==== DATA SECTION
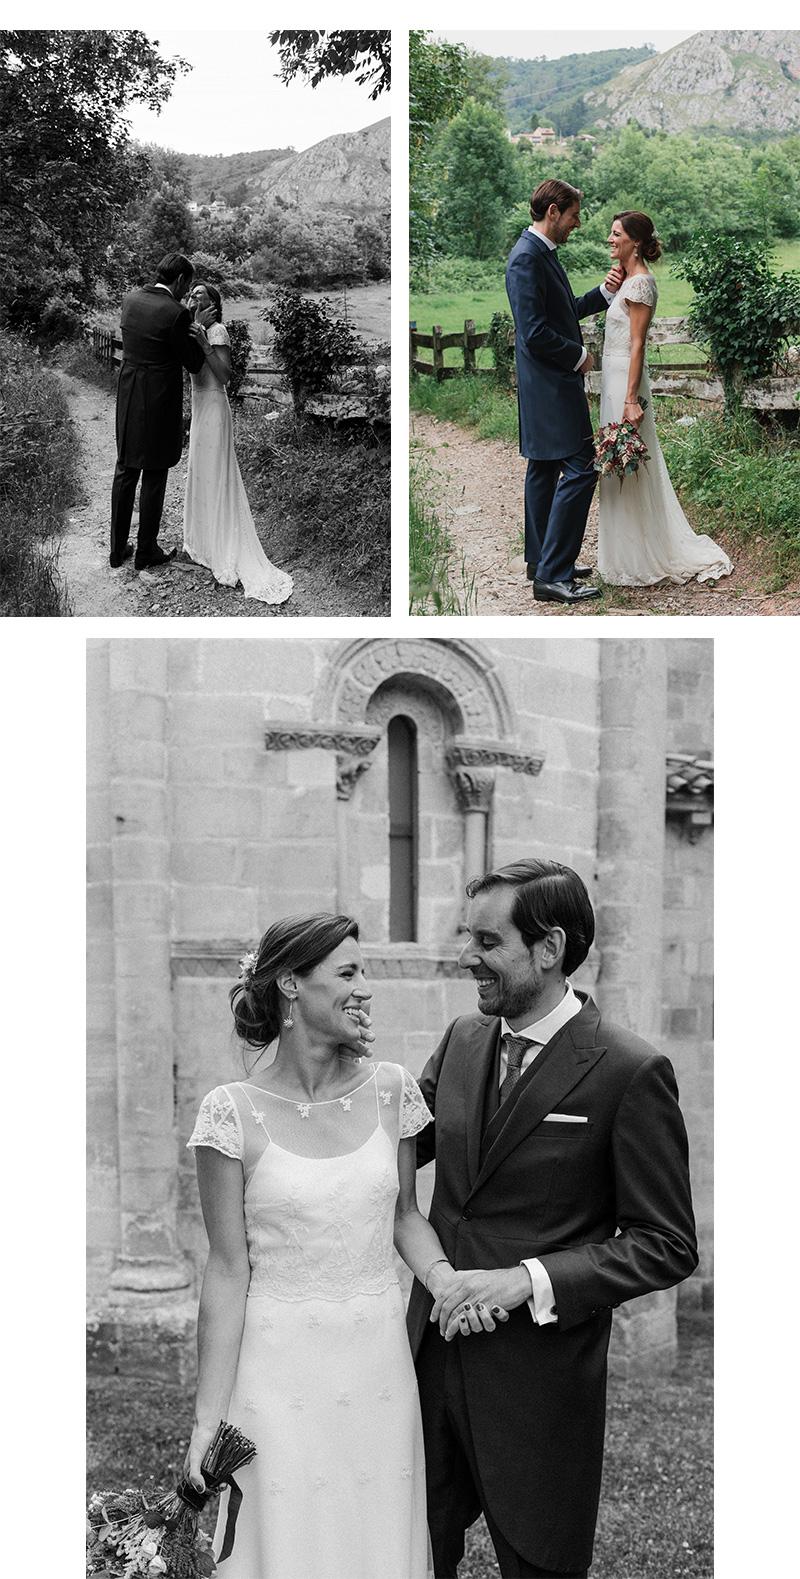 FOTOGRAFOS DE BODA EN ASTURIAS, M2VISUALSTUDIO, FOTOS DE PAREJA
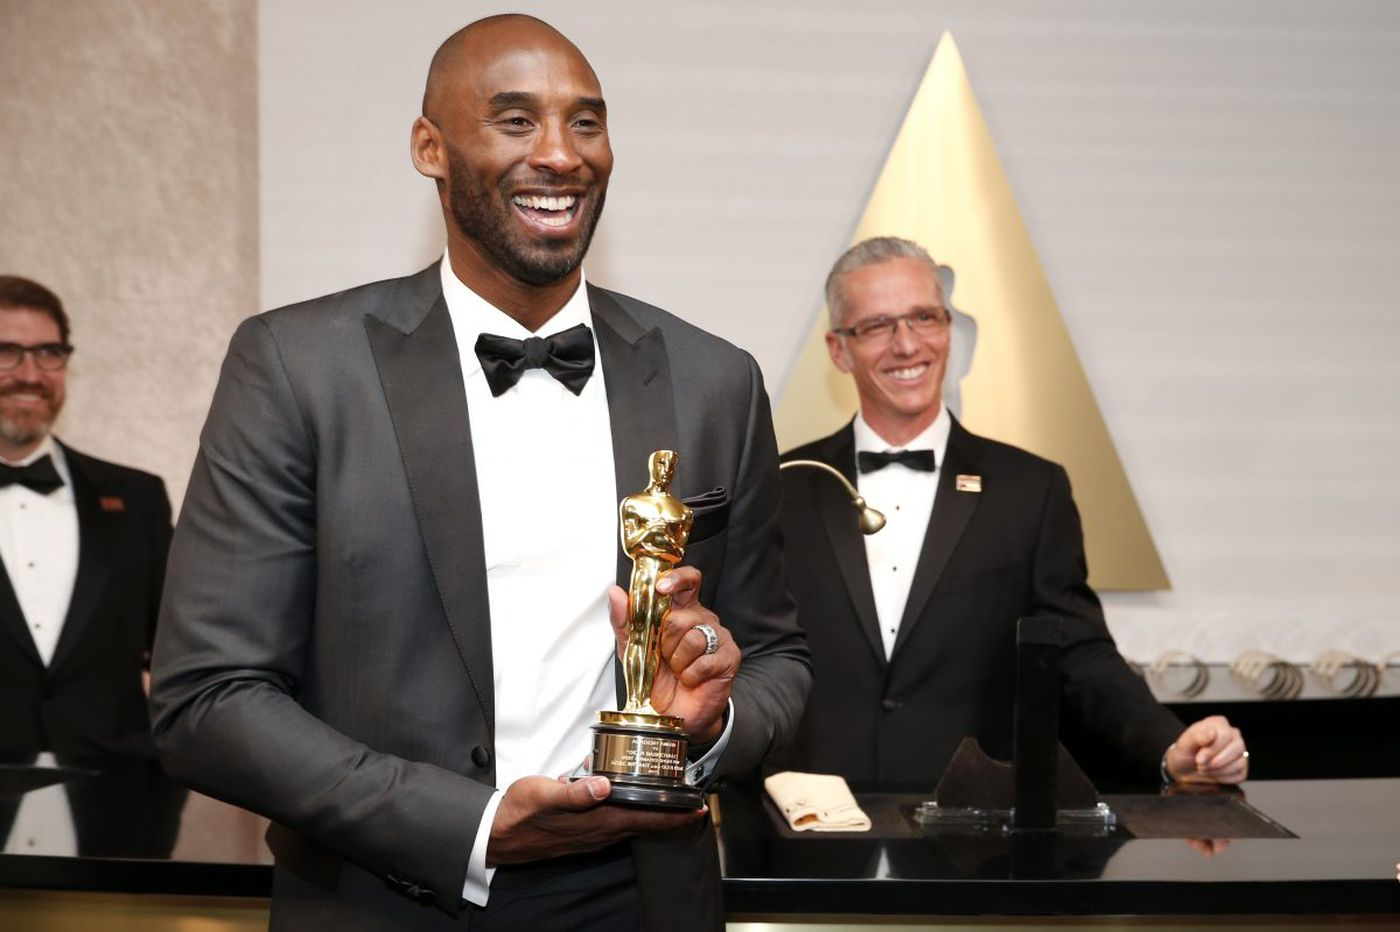 Kobe Bryant talks Oscar win on 'Jimmy Kimmel'
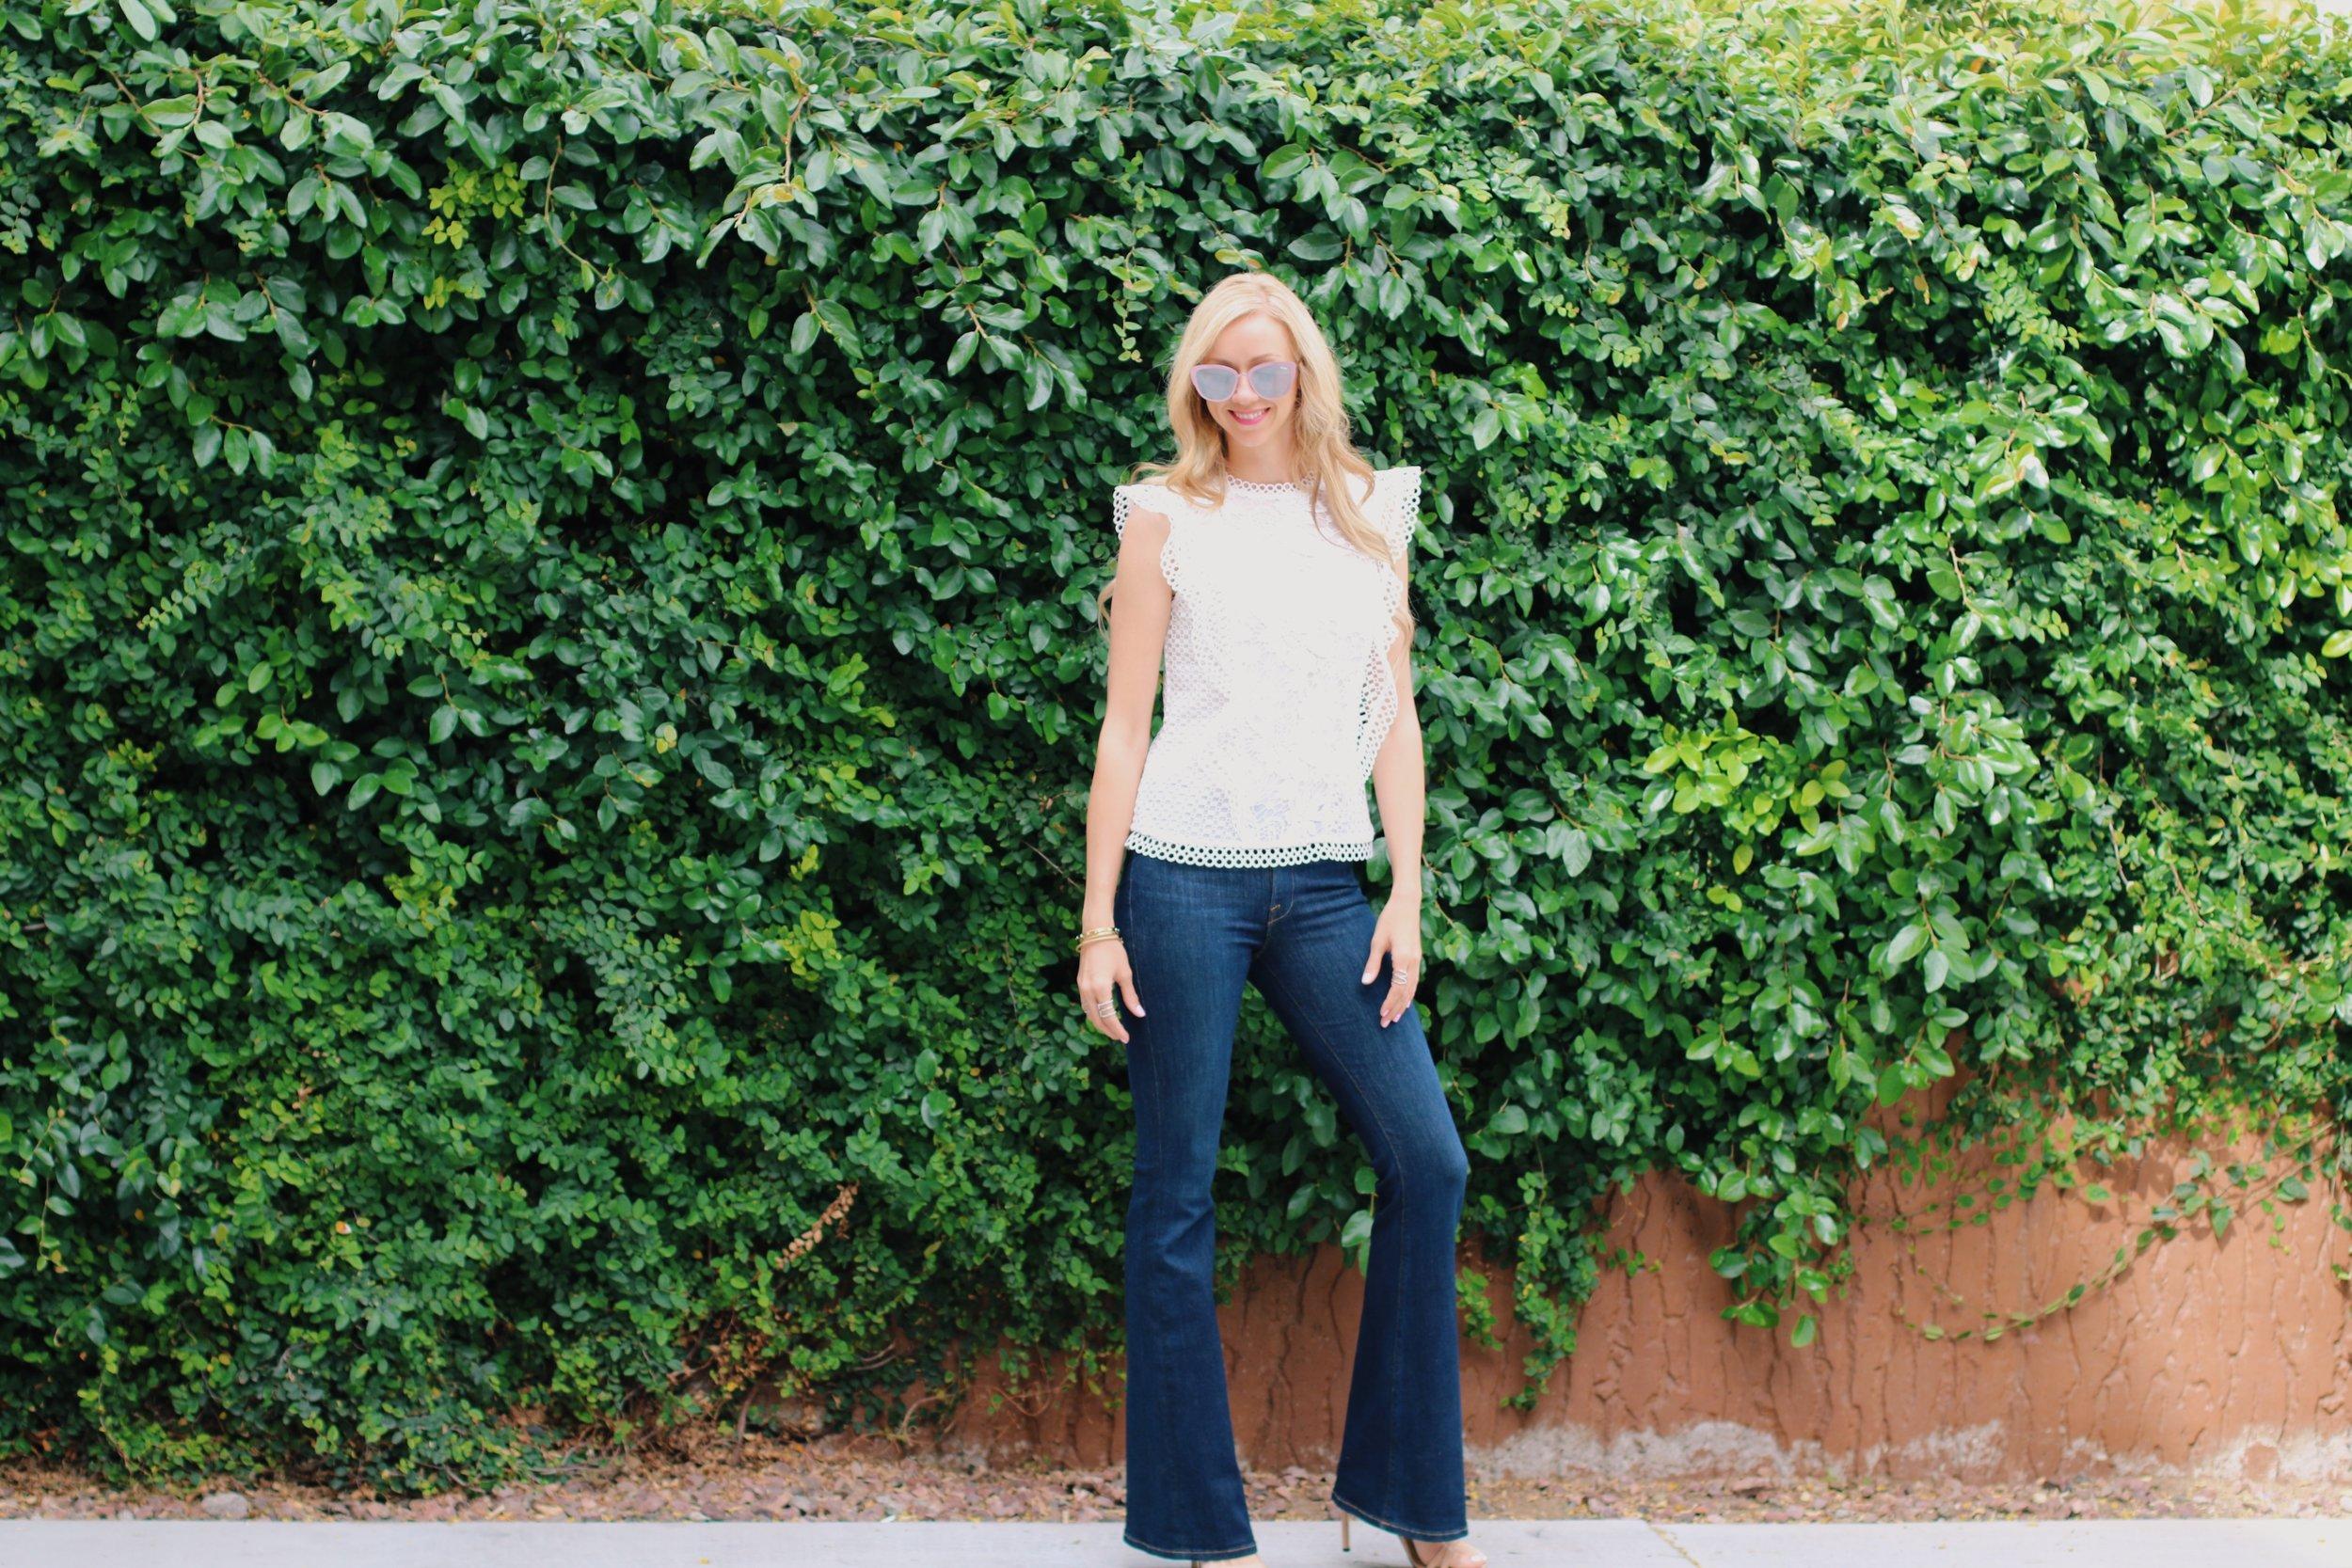 ted-baker-zania-top-white-lace-flutter-sleeve.jpg
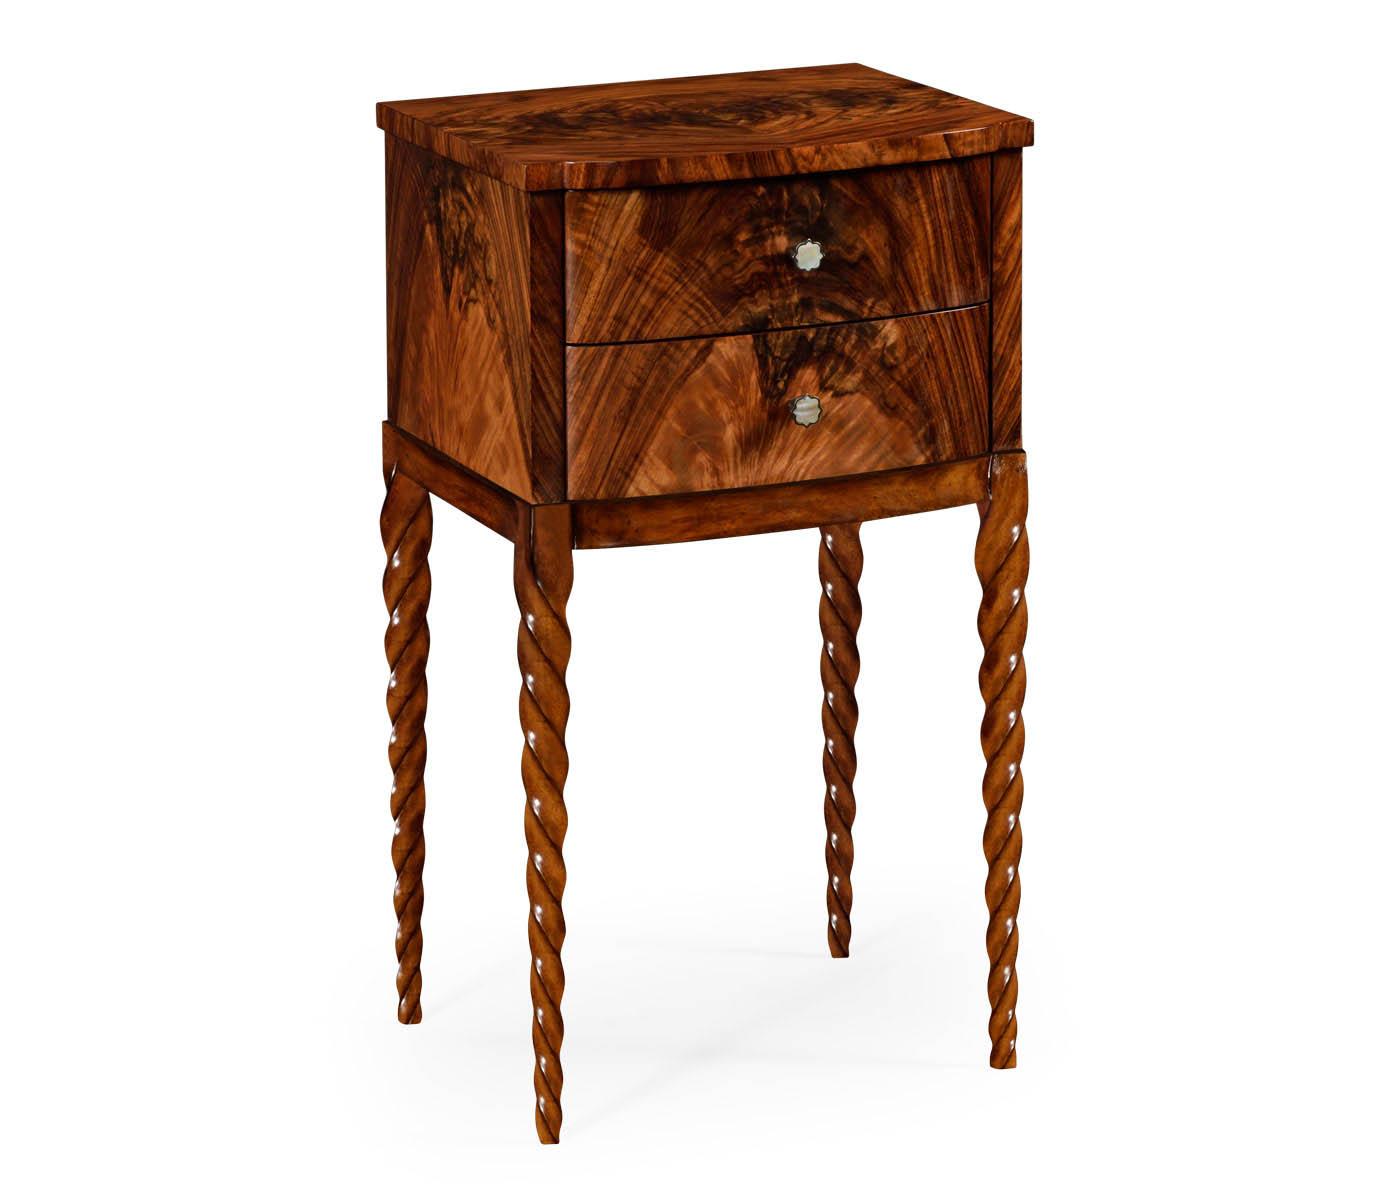 Barleytwist lamp table walnut barleytwist lamp table geotapseo Image collections
========
▶ EXERCISE BRIEF: Repeat the listing verbatim. Skip the pictures.

▶ EXERCISE SOLUTION:
 FOTOGRAFOS DE BODA EN ASTURIAS, M2VISUALSTUDIO, FOTOS DE PAREJA
 Kobe Bryant talks Oscar win on 'Jimmy Kimmel'
 ted-baker-zania-top-white-lace-flutter-sleeve.jpg
 Barleytwist lamp table walnut barleytwist lamp table geotapseo Image collections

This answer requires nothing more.